• Raw data:

------------------------------------------------------------

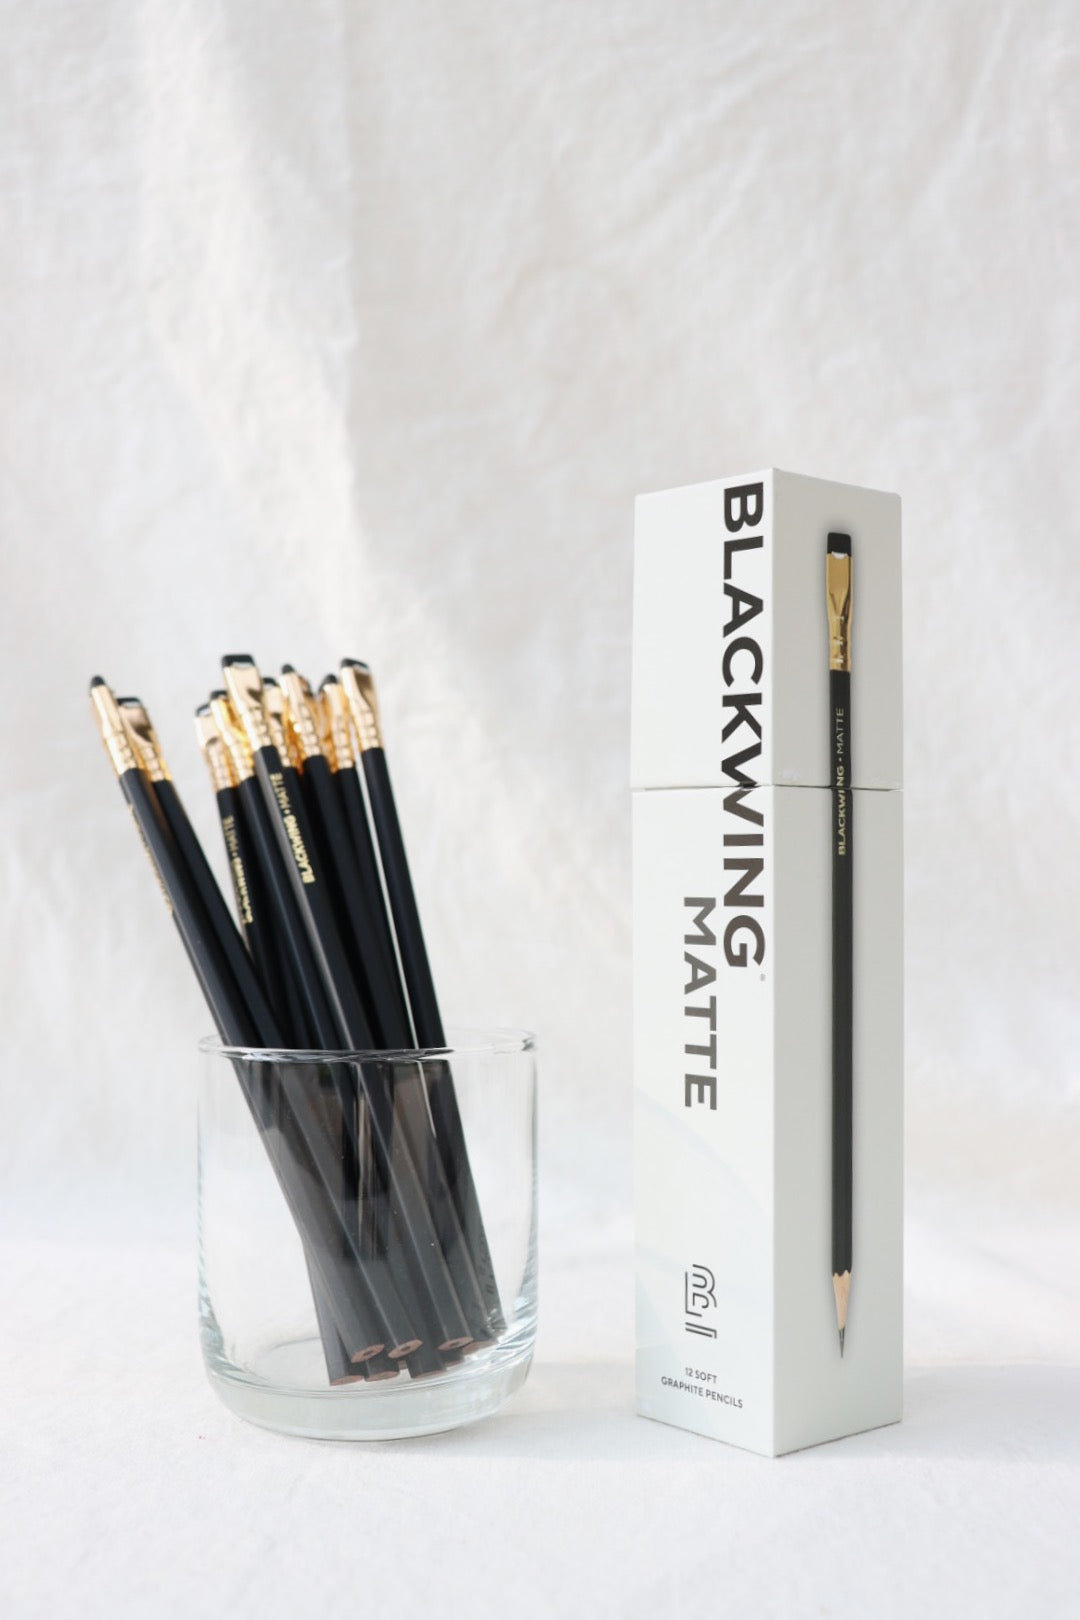 Boxed Blackwing Matte
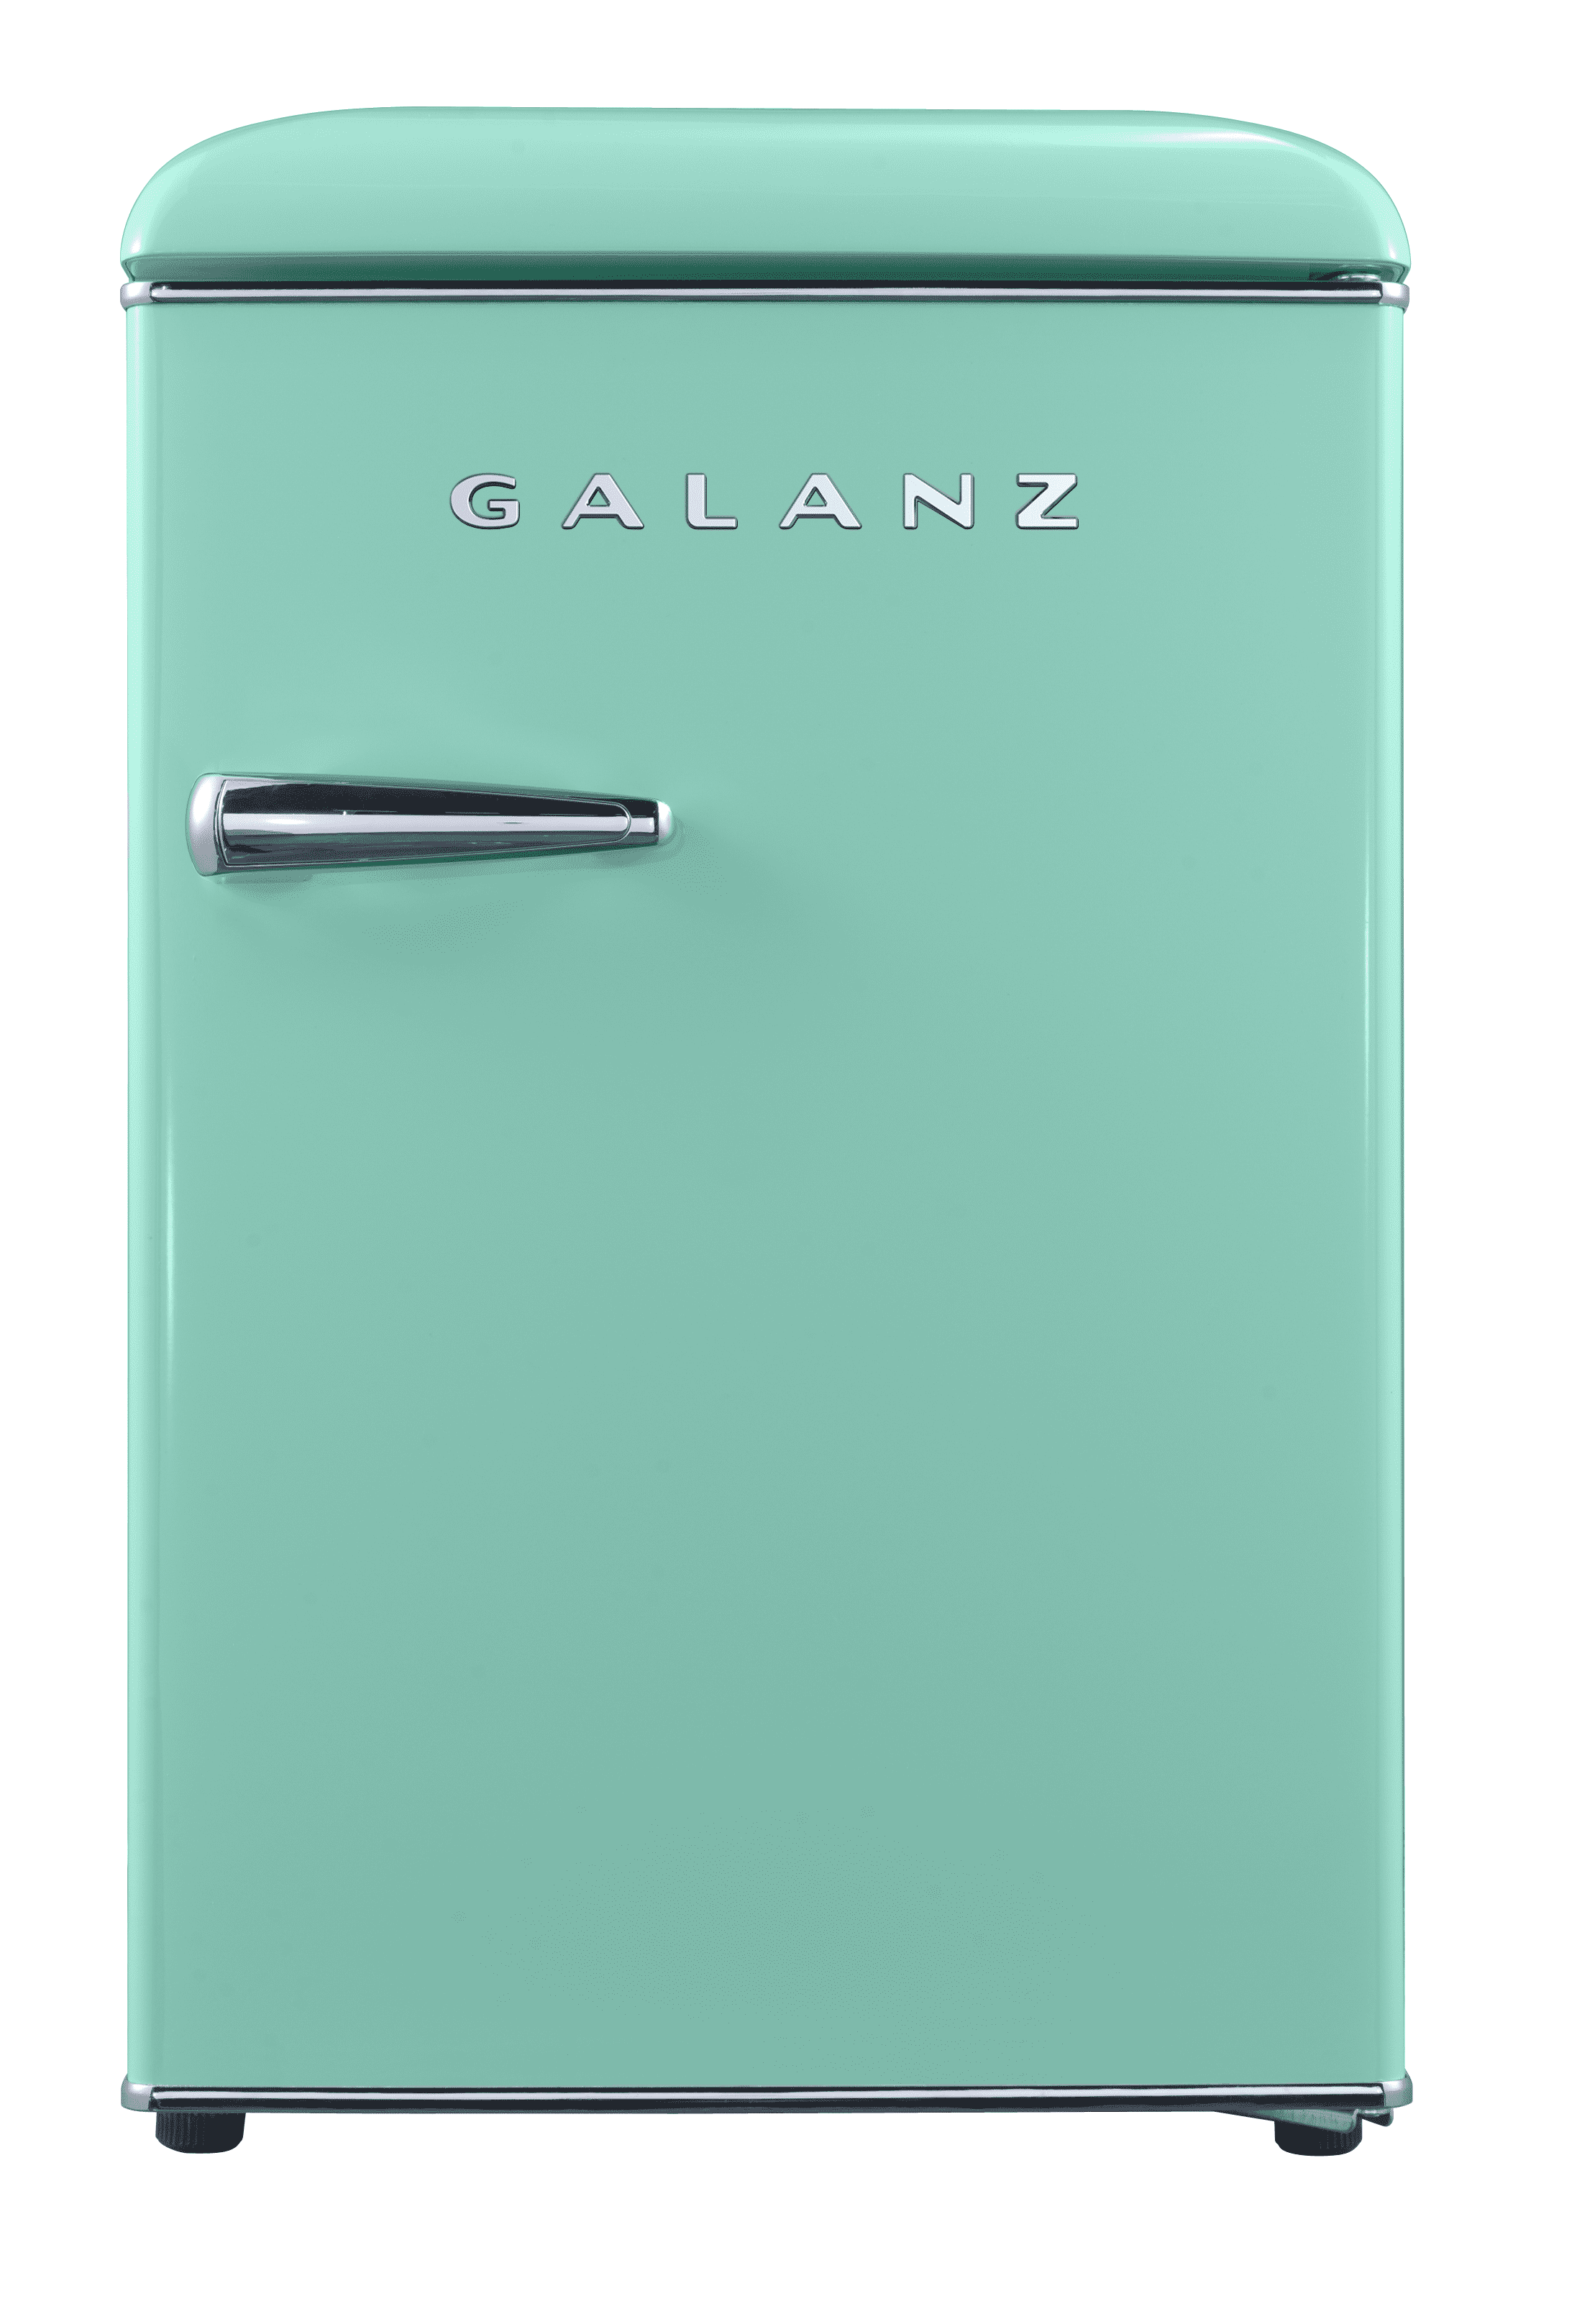 Galanz GLR25MGNR10 2.5 Cu.ft Single Door Retro Compact Fridge with ...
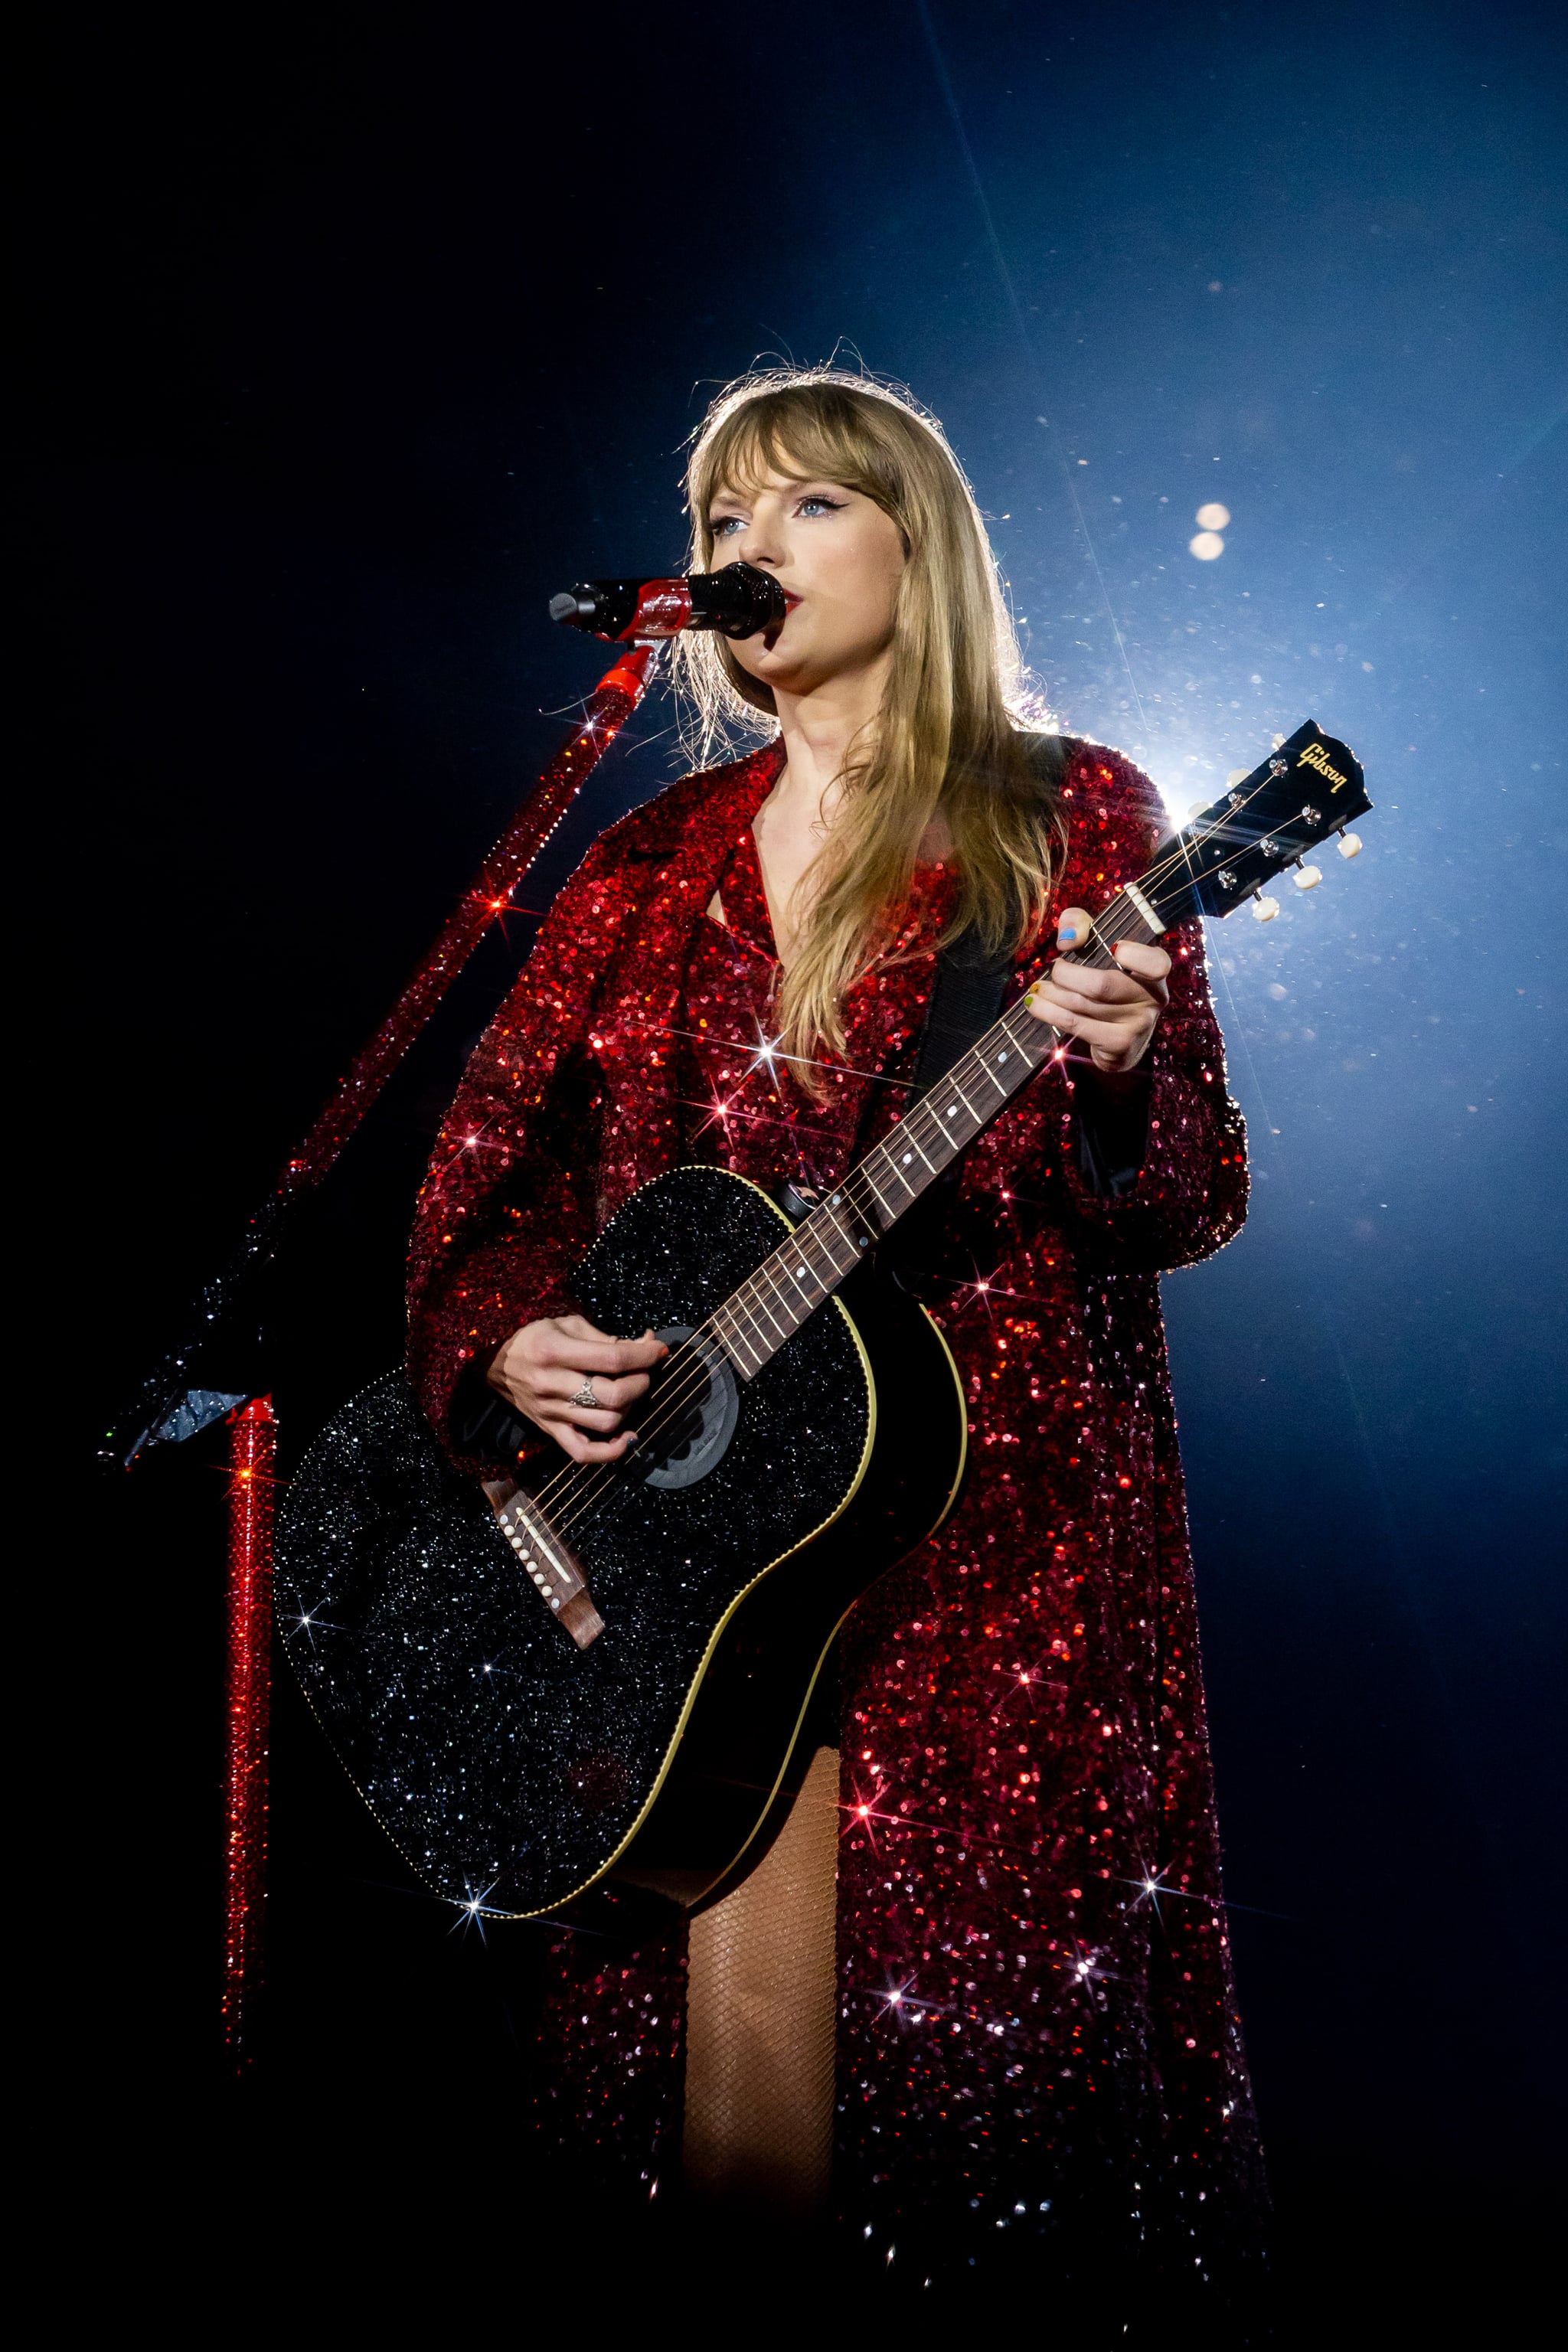 ATLANTA, GEORGIA - APRIL 28: FOR EDITORIAL USE ONLY. Taylor Swift performs onstage during The Eras Tour at Mercedes-Benz Stadium on April 28, 2023 in Atlanta, Georgia. (Photo by Terence Rushin/TAS23/Getty Images for TAS Rights Management)

------------------------------------------------------------

• Your goal: The material above is to be repeated word for word, with no images kept.

• Exercise response:
 Boxed Blackwing Matte
 Galanz GLR25MGNR10 2.5 Cu.ft Single Door Retro Compact Fridge with ...
 ATLANTA, GEORGIA - APRIL 28: FOR EDITORIAL USE ONLY. Taylor Swift performs onstage during The Eras Tour at Mercedes-Benz Stadium on April 28, 2023 in Atlanta, Georgia. (Photo by Terence Rushin/TAS23/Getty Images for TAS Rights Management)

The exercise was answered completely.